What is being asked: Repeat only the lines from the one that contains "Use Laptop Screen as Monitor" through the final line of the listing below, exactly, please, without pictures.

Information supplied:
▶
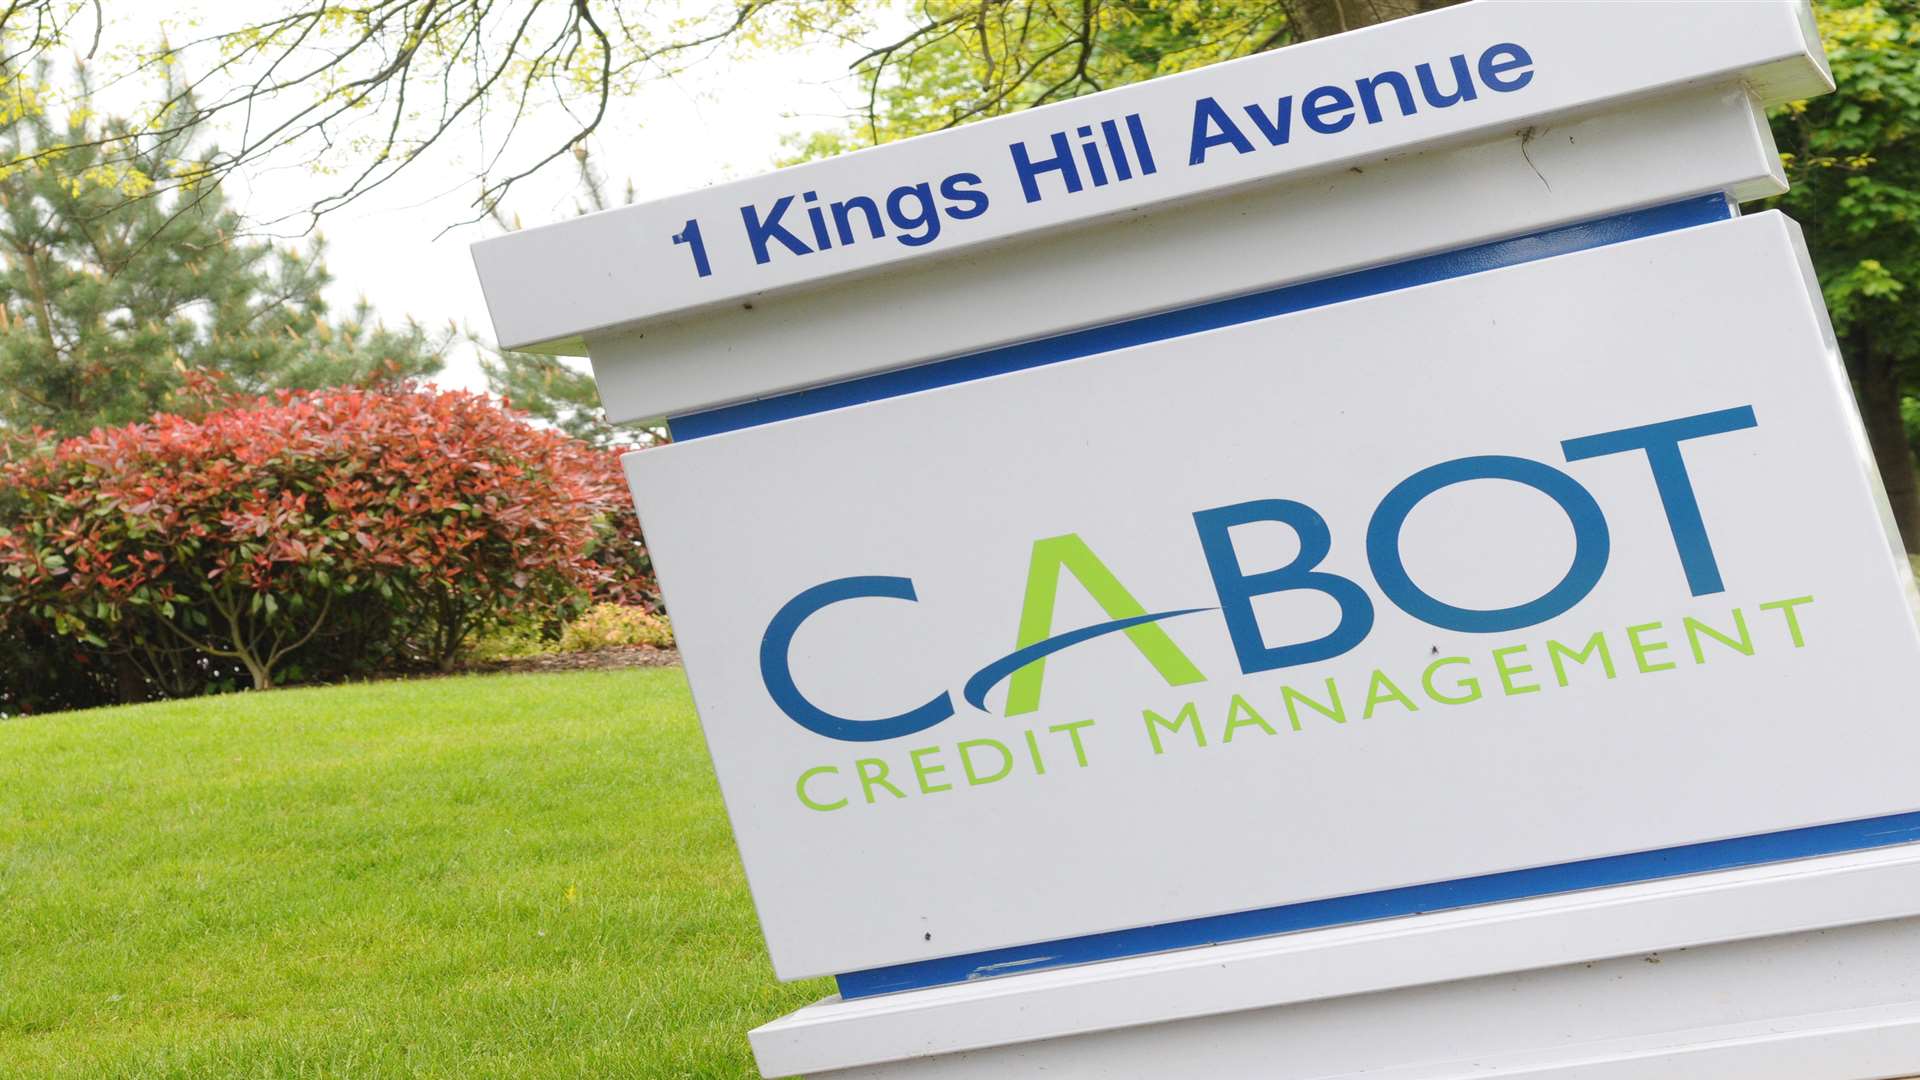 Cabot Credit Management has the prestigious 1 Kings Hill Avenue address
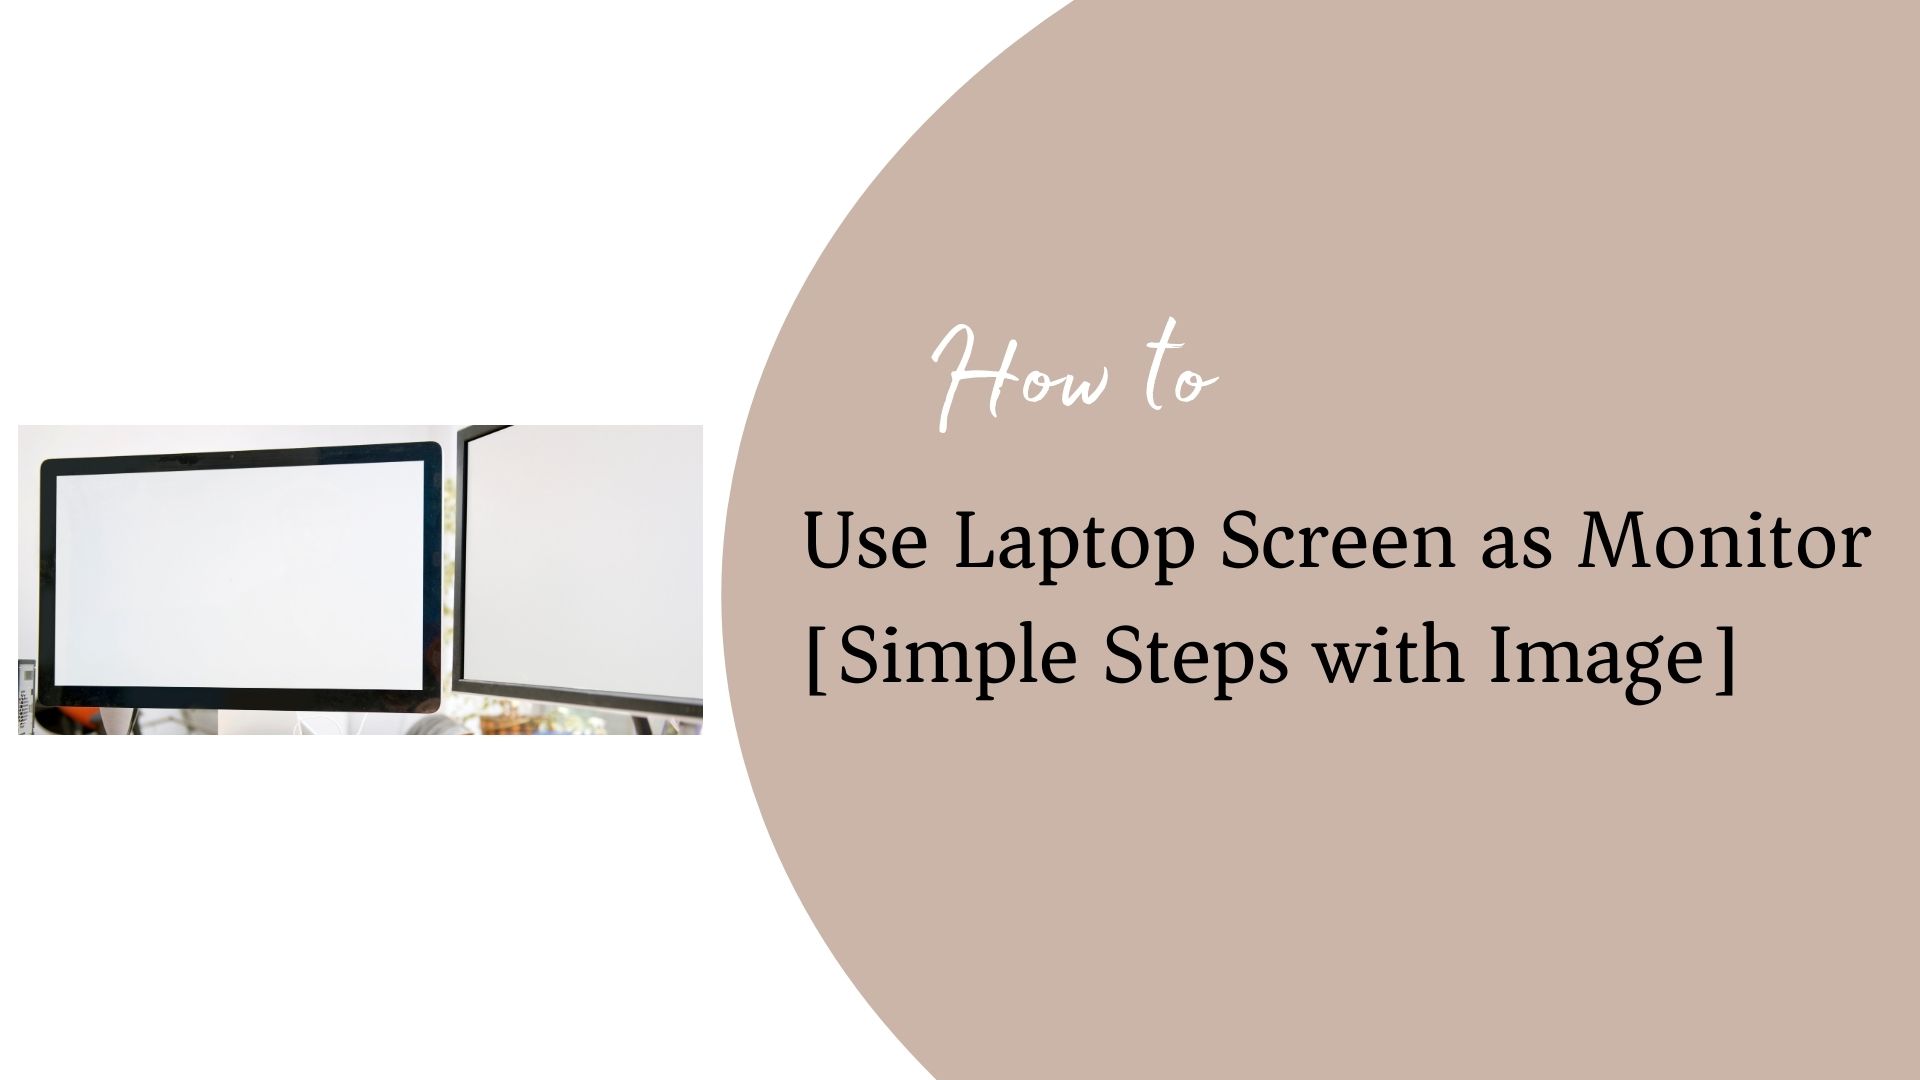 Use Laptop Screen as Monitor
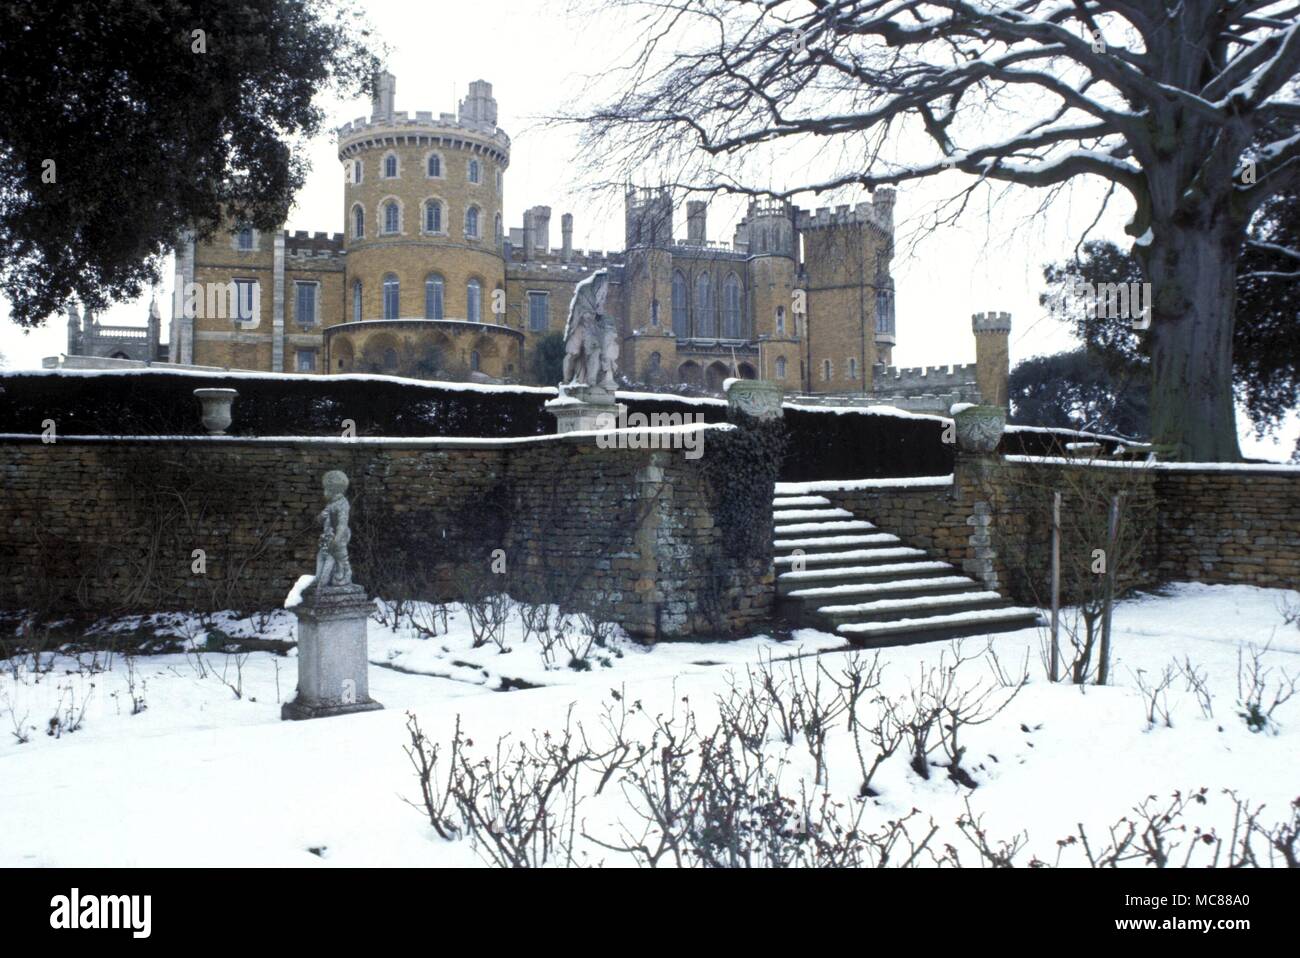 Belvoir castle in the snow. The so-called Bottesford Witches wewre supposed to have murdered the sons of the 6th Earl of Rutland (who owned Belvoir Castle) here. witchcraft site Stock Photo
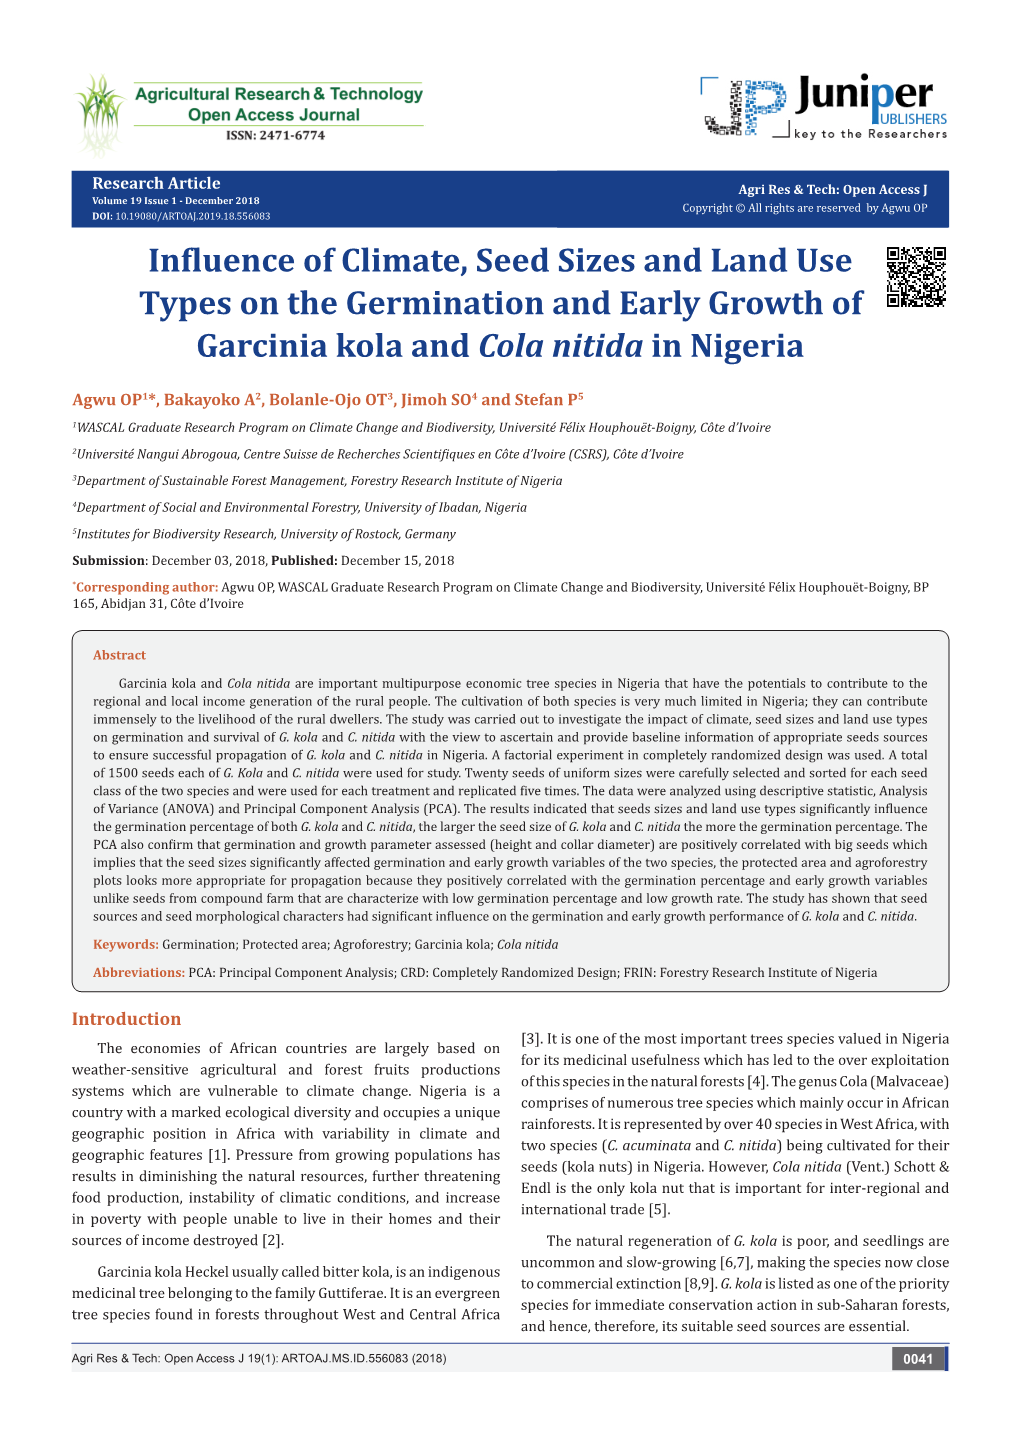 Influence of Climate, Seed Sizes and Land Use Types on the Germination and Early Growth of Garcinia Kola and Cola Nitida in Nigeria
◀
Exercise result:
 Use Laptop Screen as Monitor
 Belvoir castle in the snow. The so-called Bottesford Witches wewre supposed to have murdered the sons of the 6th Earl of Rutland (who owned Belvoir Castle) here. witchcraft site Stock Photo
 Influence of Climate, Seed Sizes and Land Use Types on the Germination and Early Growth of Garcinia Kola and Cola Nitida in Nigeria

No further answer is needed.